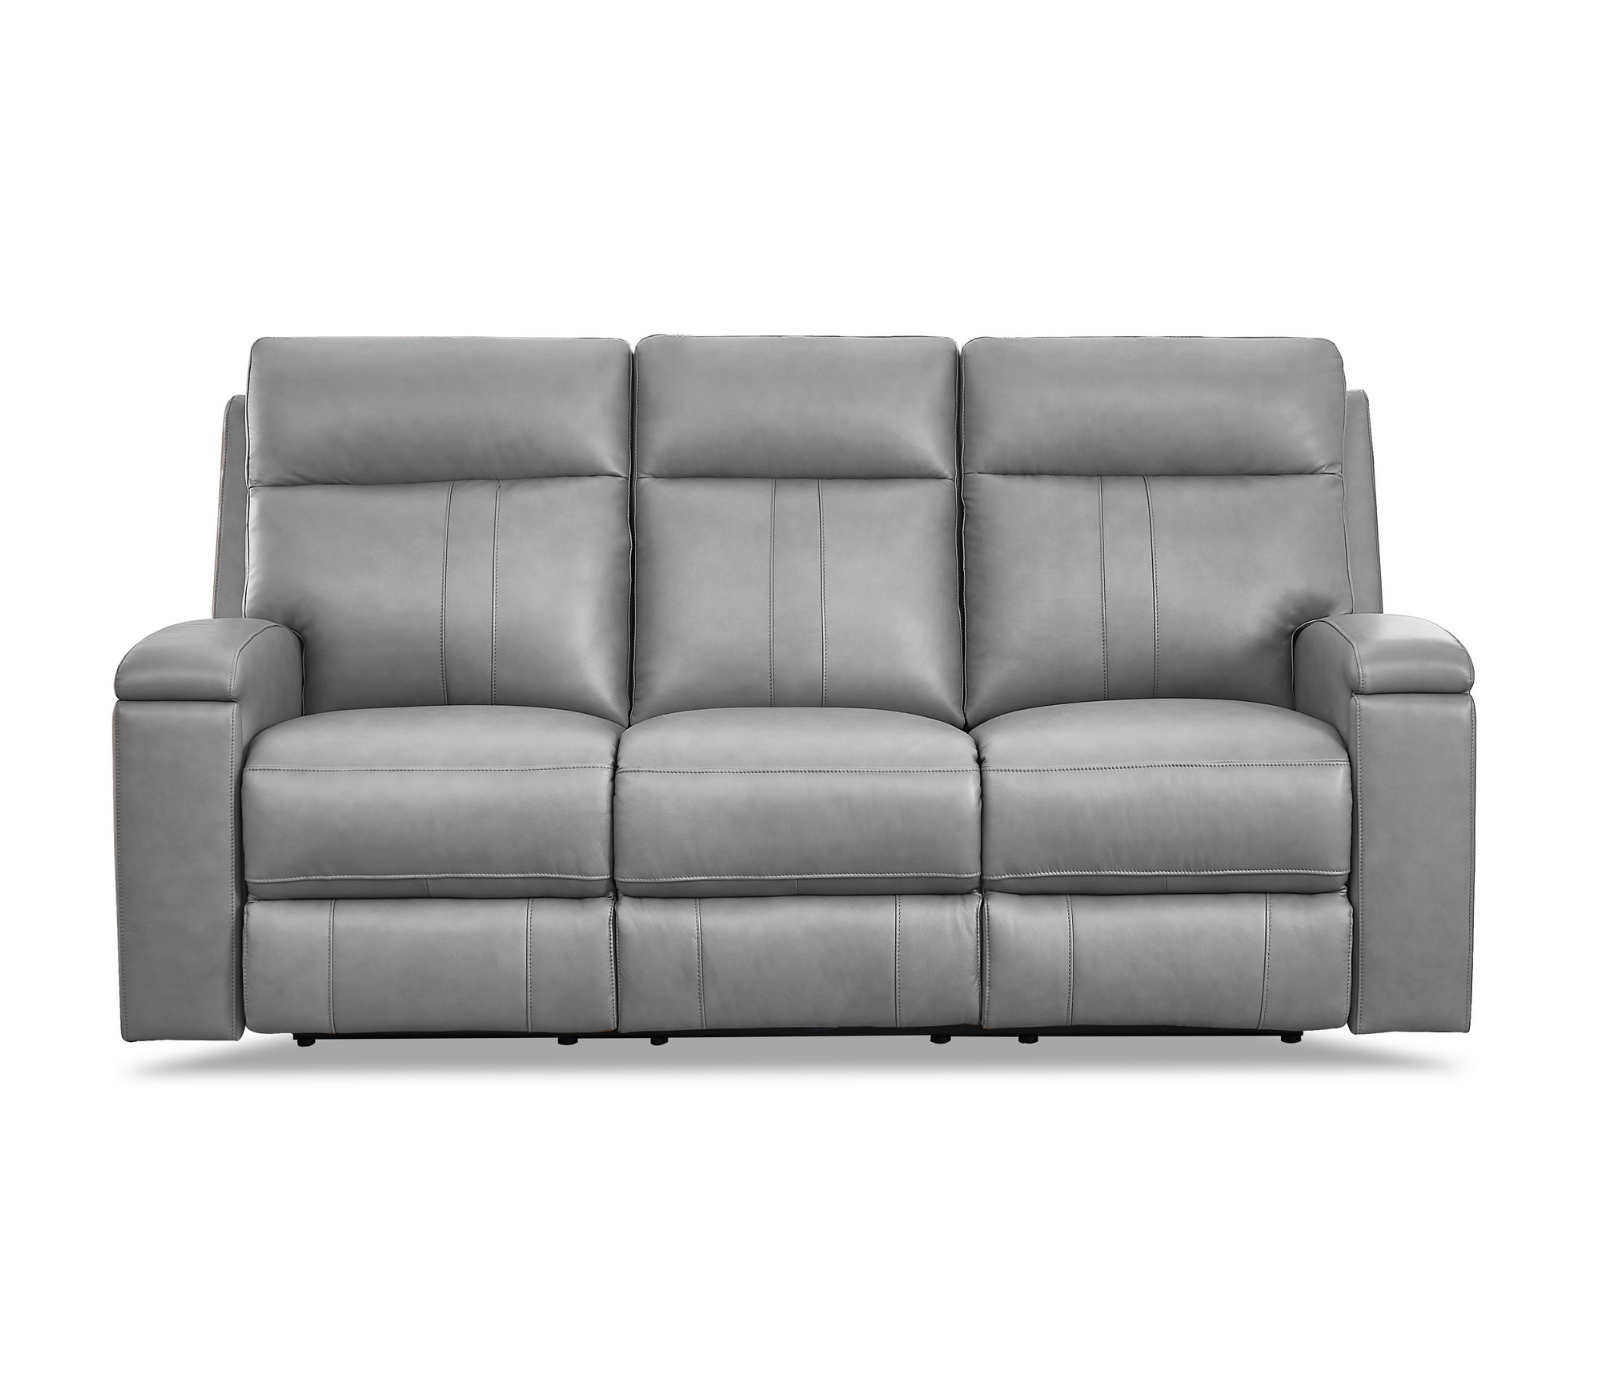 Denali Sofa - Power Reclining w/ Power Headrests - Silver Grey Leather
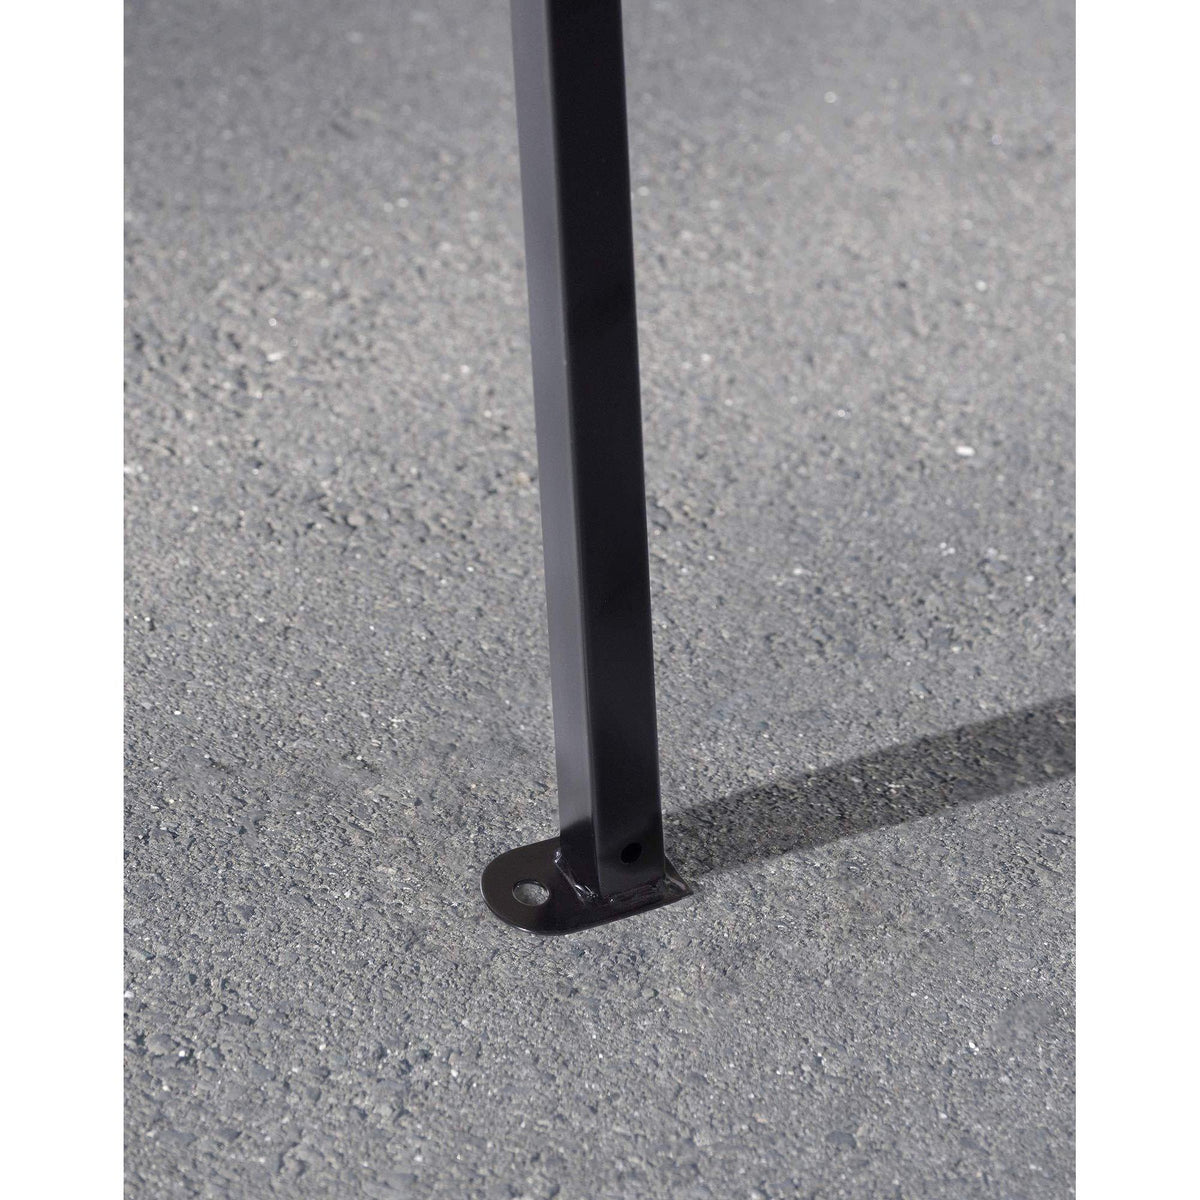 Quik Shade 167505DS Tech Slant Leg Canopy, 12 x 12', Red
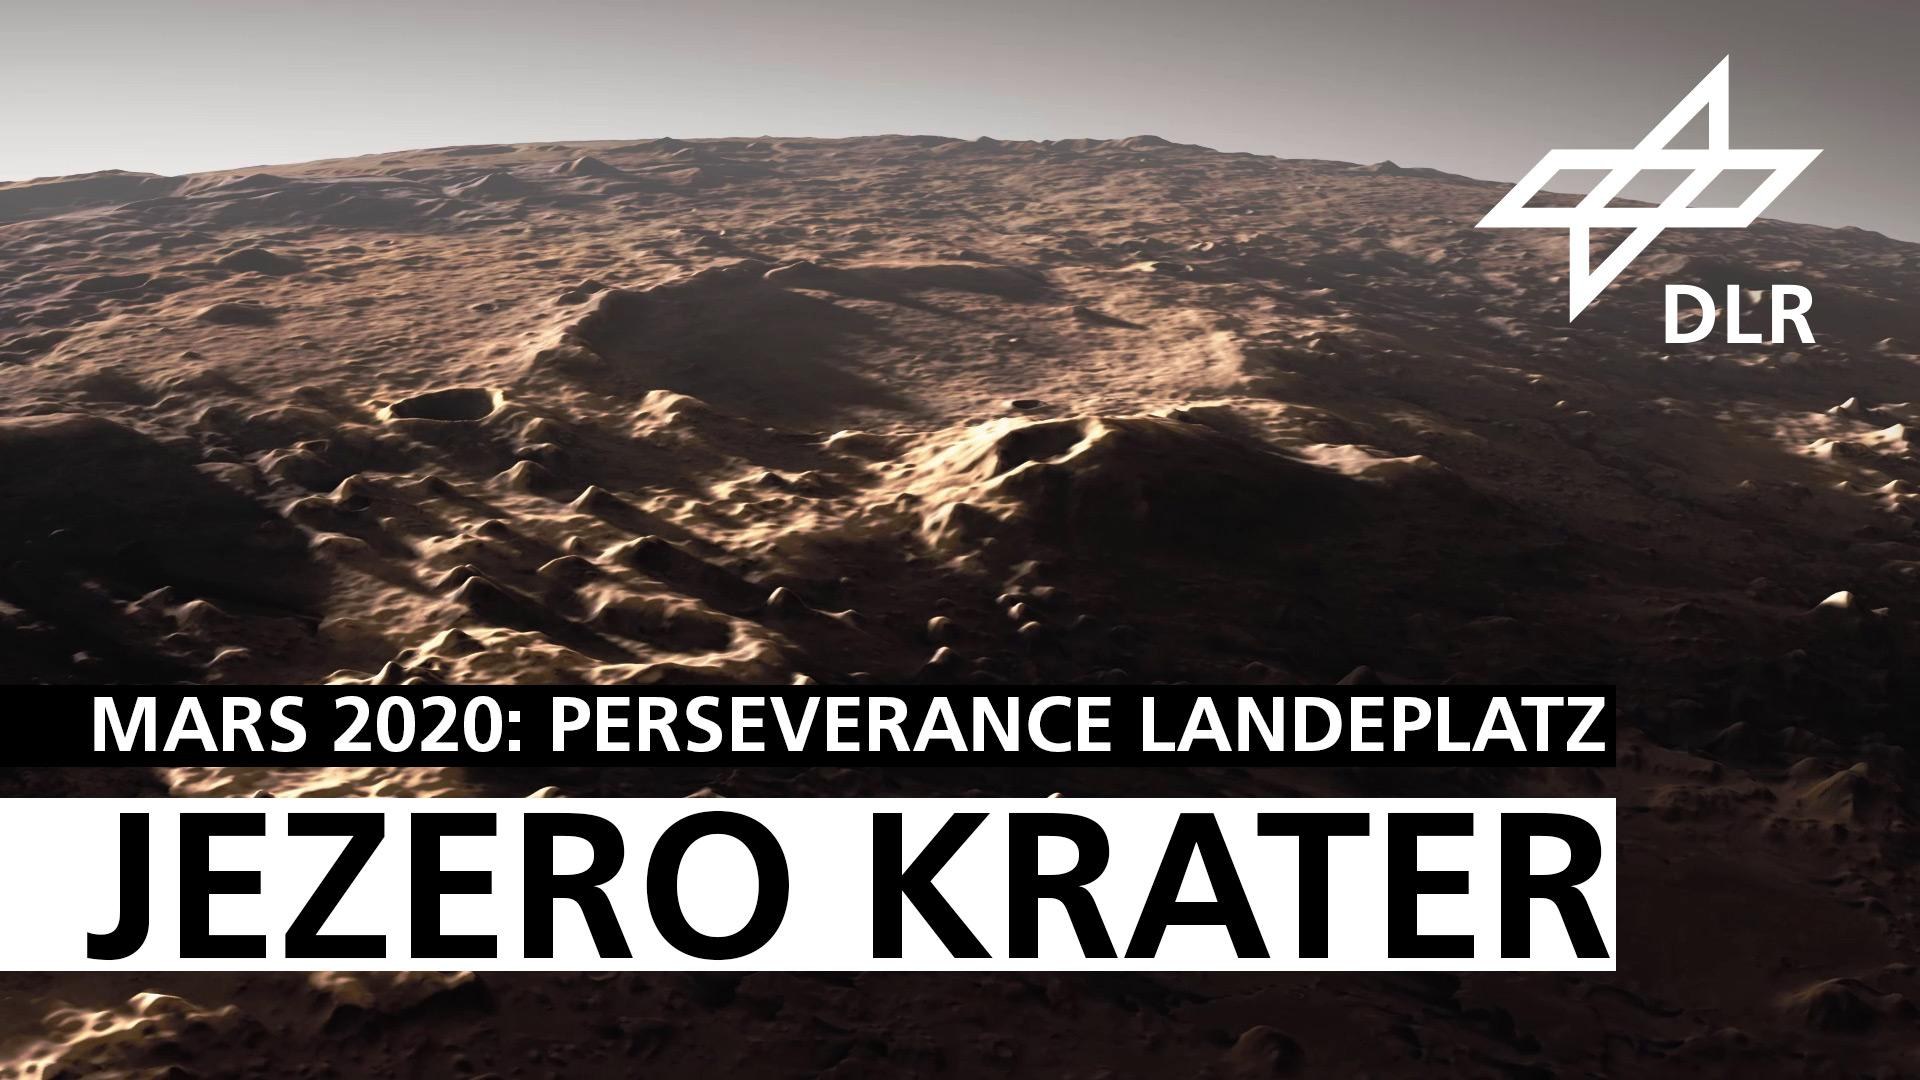 Video still: Flight over Jezero Crater – landing site of the Mars 2020 mission
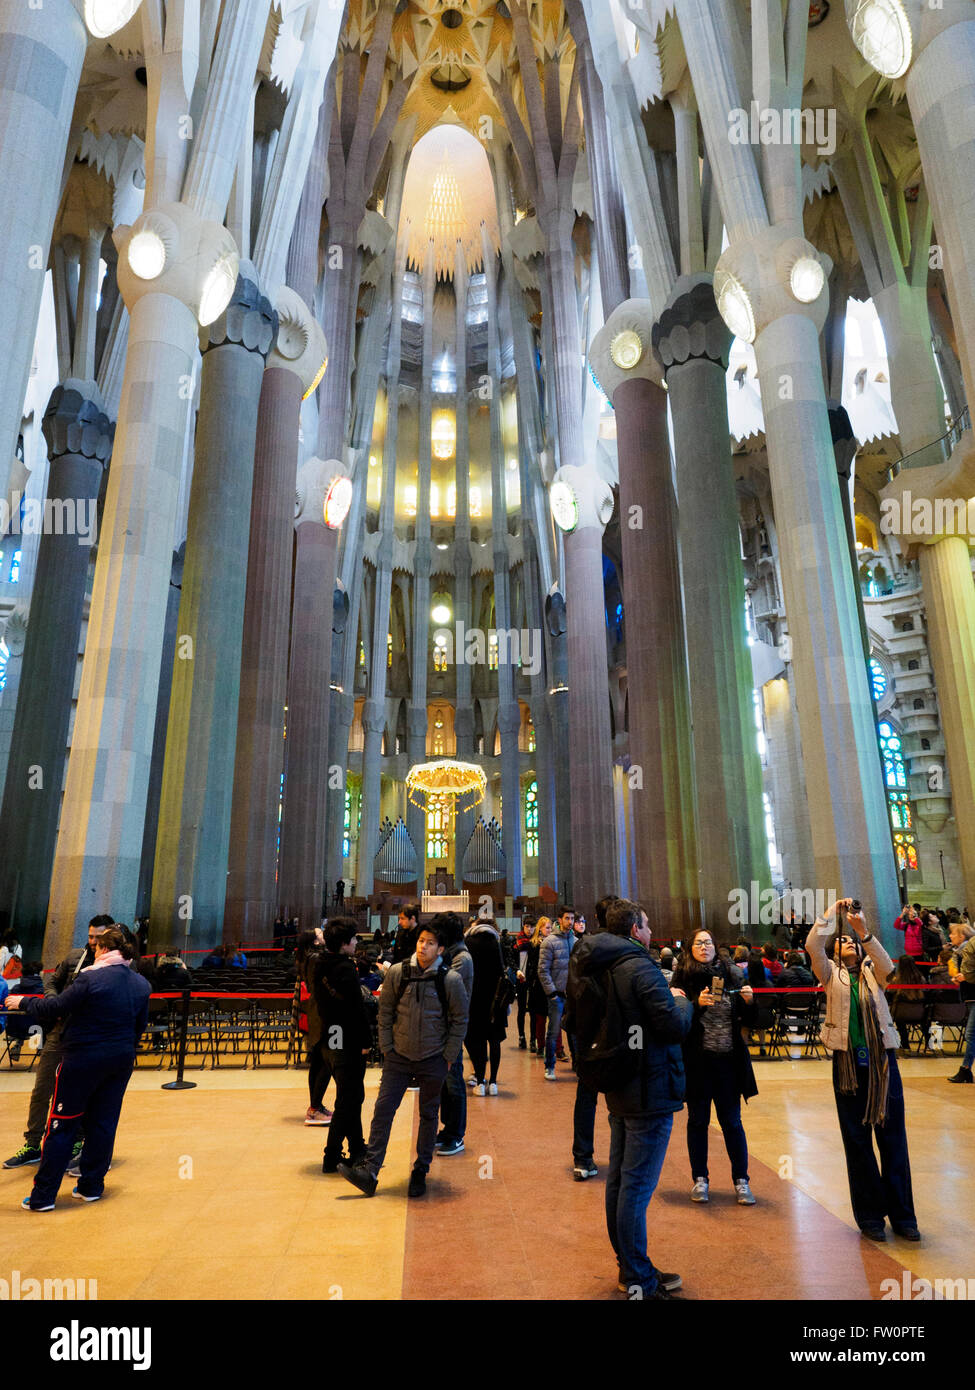 Le Temple Expiatori Basílica je de la Sagrada Família conçu par l'architecte espagnol Antoni Gaudí - Barcelone, Espagne Banque D'Images

**PROBLEM TO WORK ON**:
Your reply should contain only an exact copy of the lines from the beginning of the material through the line with "Video still: Flight", both ends included, with the pictures removed.

**RESULT FOR THIS EXERCISE**:
 Denali Sofa - Power Reclining w/ Power Headrests - Silver Grey Leather
 Quik Shade 167505DS Tech Slant Leg Canopy, 12 x 12', Red
 Video still: Flight over Jezero Crater – landing site of the Mars 2020 mission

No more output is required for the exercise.